Conservative MEP Duncan appointed EU Parliament rapporteur for post-2020 EU ETS reforms

Published 09:10 on September 16, 2015  /  Last updated at 09:48 on September 16, 2015  /  EMEA, EU ETS

Scottish Conservative MEP Ian Duncan, a member of the right-wing Eurosceptic ECR political grouping, has been appointed rapporteur for the post-2020 EU ETS reforms and is tasked with steering the package through the European Parliament.

Scottish Conservative MEP Ian Duncan, a member of the right-wing Eurosceptic ECR political grouping, has been appointed rapporteur for the post-2020 EU ETS reforms and is tasked with steering the package through the European Parliament.

Duncan was selected by fellow MEPs in a vote on Wednesday morning, according to an emailed statement from the Parliament.

“The ETS as it stands is broken.
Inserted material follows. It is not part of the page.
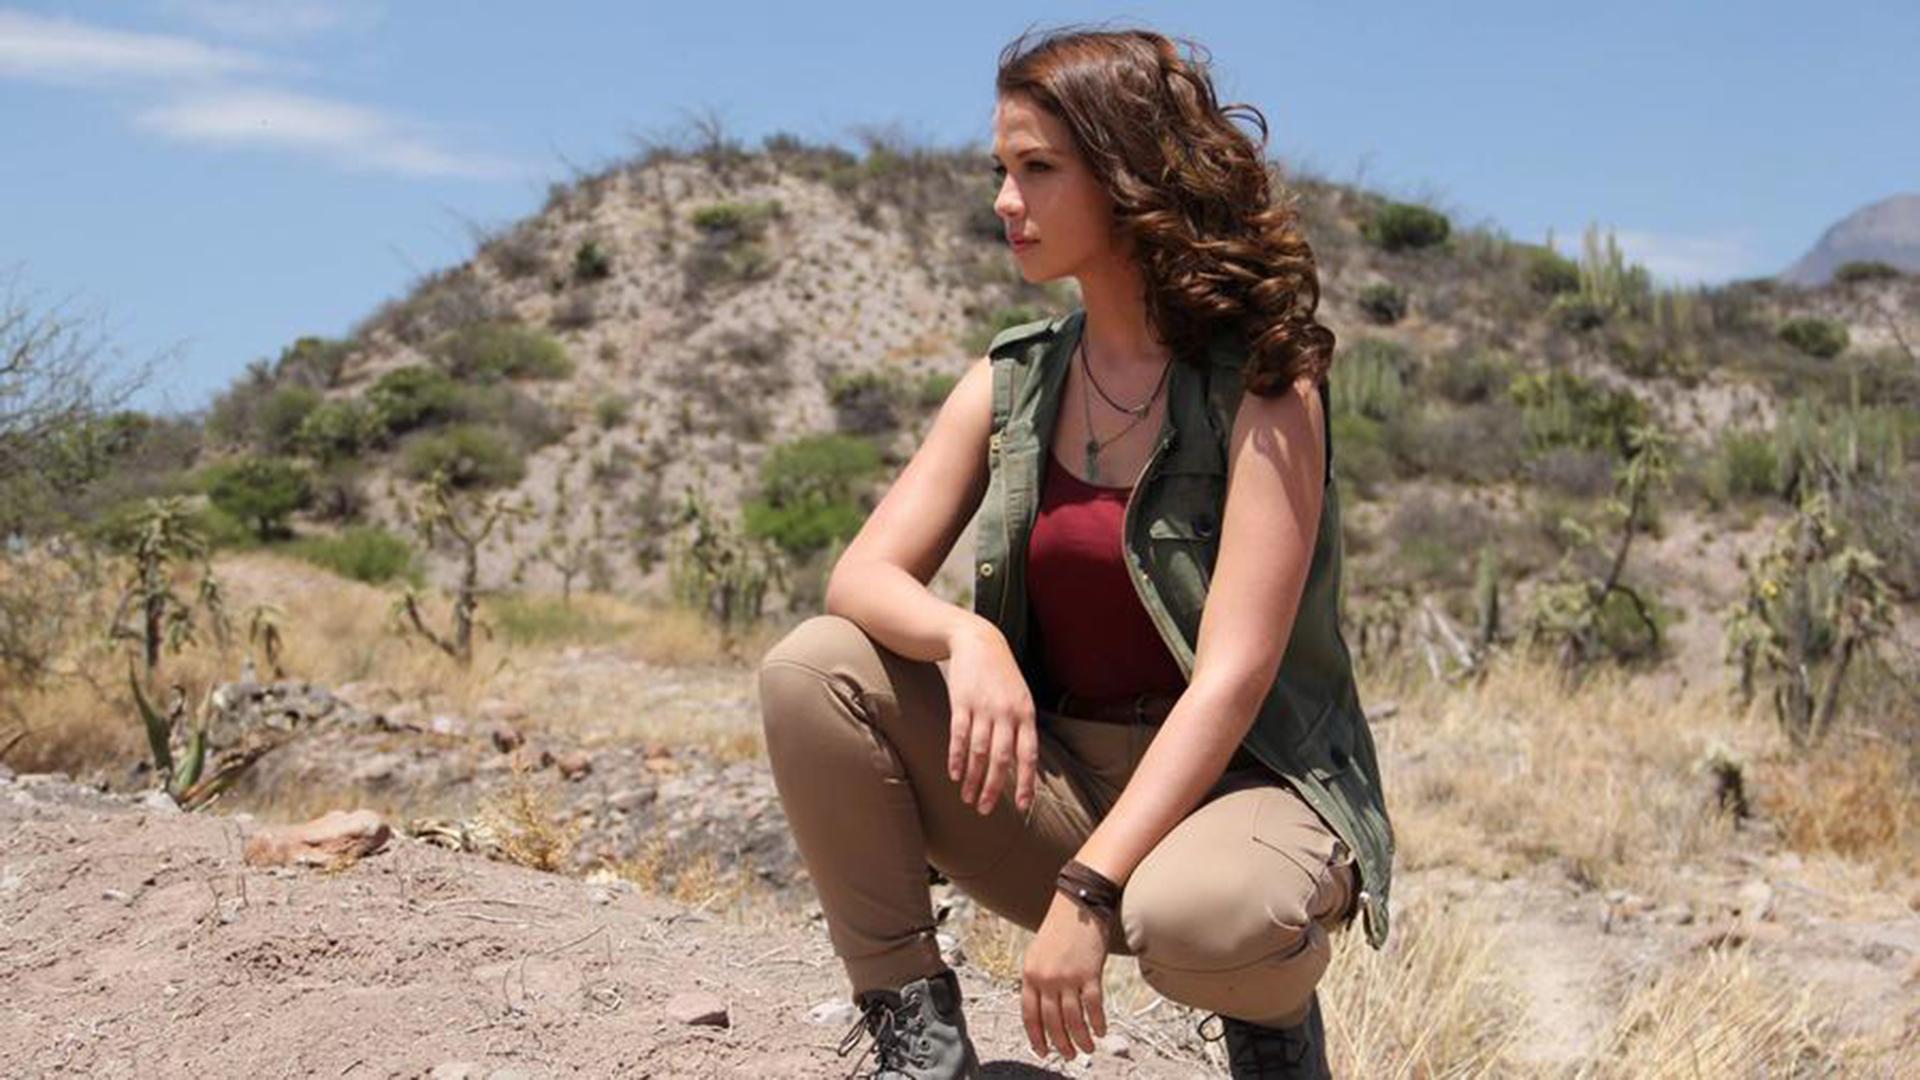 Serie 'Señora Acero' incluirá migración ilegal a EE.UU. en su nueva temporada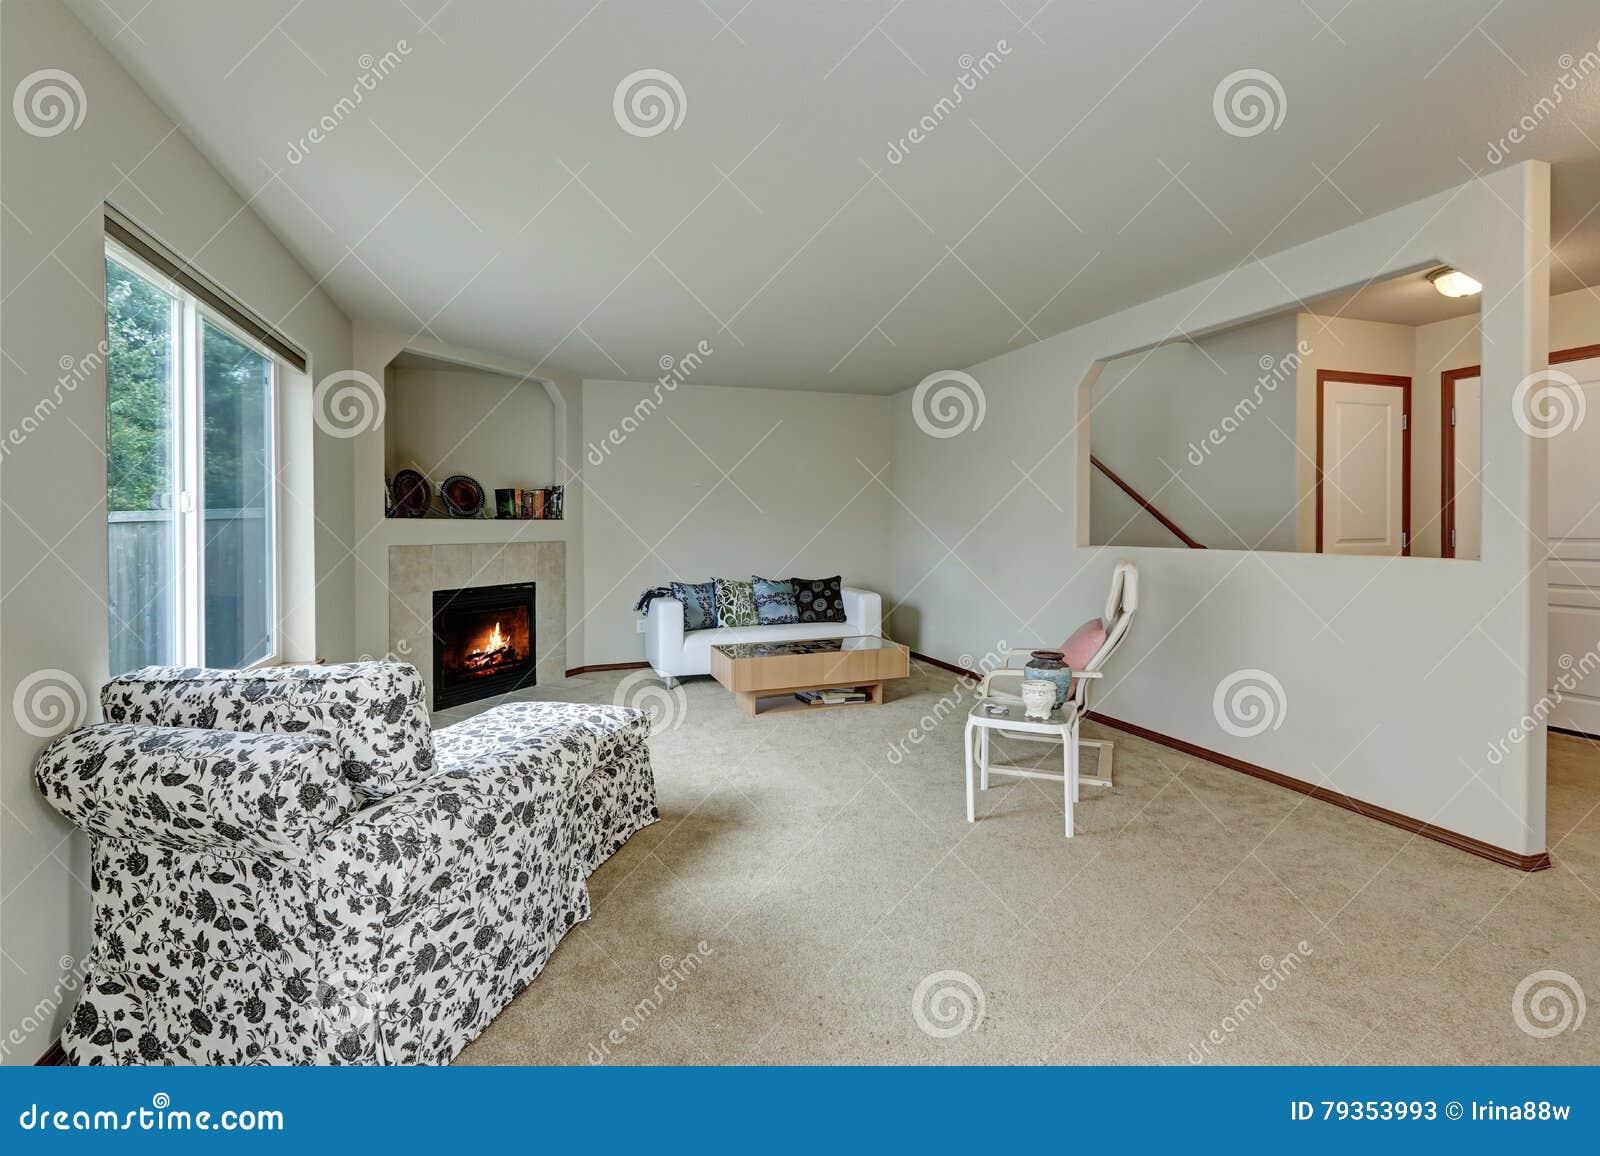 Licht Tont Elegantes Wohnzimmer Mit Kamin In Der Ecke Stockbild

This may be our only chance to prove to Europe and the rest of the world that emissions trading systems can work,” Duncan said.

“We need to strike the right balance between protecting industry and jobs, and meeting our climate change obligations. I don’t think those goals are mutually exclusive, but I do know that the EU ETS as it stands is not delivering either.”

“I want to be as open and as transparent as possible in dealing with this report, taking in as wide a range of views as possible.”

A rapporteur is tasked with a neutral role in chairing discussions among political party groupings and setting a legislative timetable, initially in the Parliament’s environment committee.

Duncan was a shadow rapporteur who co-ordinated his party’s position on the MSR and was among the Parliament’s delegation at the Lima UN climate conference.

While lawmakers eventually agreed the MSR to start in 2019, Duncan supported moves to launch it as early as 2017.

Elected in 2014, Duncan is a relatively inexperienced MEP, though he previously spent eight years in Brussels as an envoy for the Scottish Parliament.

The rapporteur’s first task will be to write a report responding to the European Commission proposal, published in July and setting out how the EU ETS will meet its share of the bloc’s overall goal to cut greenhouse gas emissions 40% under 1990 levels.

The proposal must be agreed by a majority of member states and the bloc’s parliament and is expected to take at least a year to be agreed.

The length of the bill’s passage into law could depend on whether lawmakers are comfortable in advancing its work ahead of related bills covering non-ETS and land use sectors, which are only due to be published in the first half of 2016.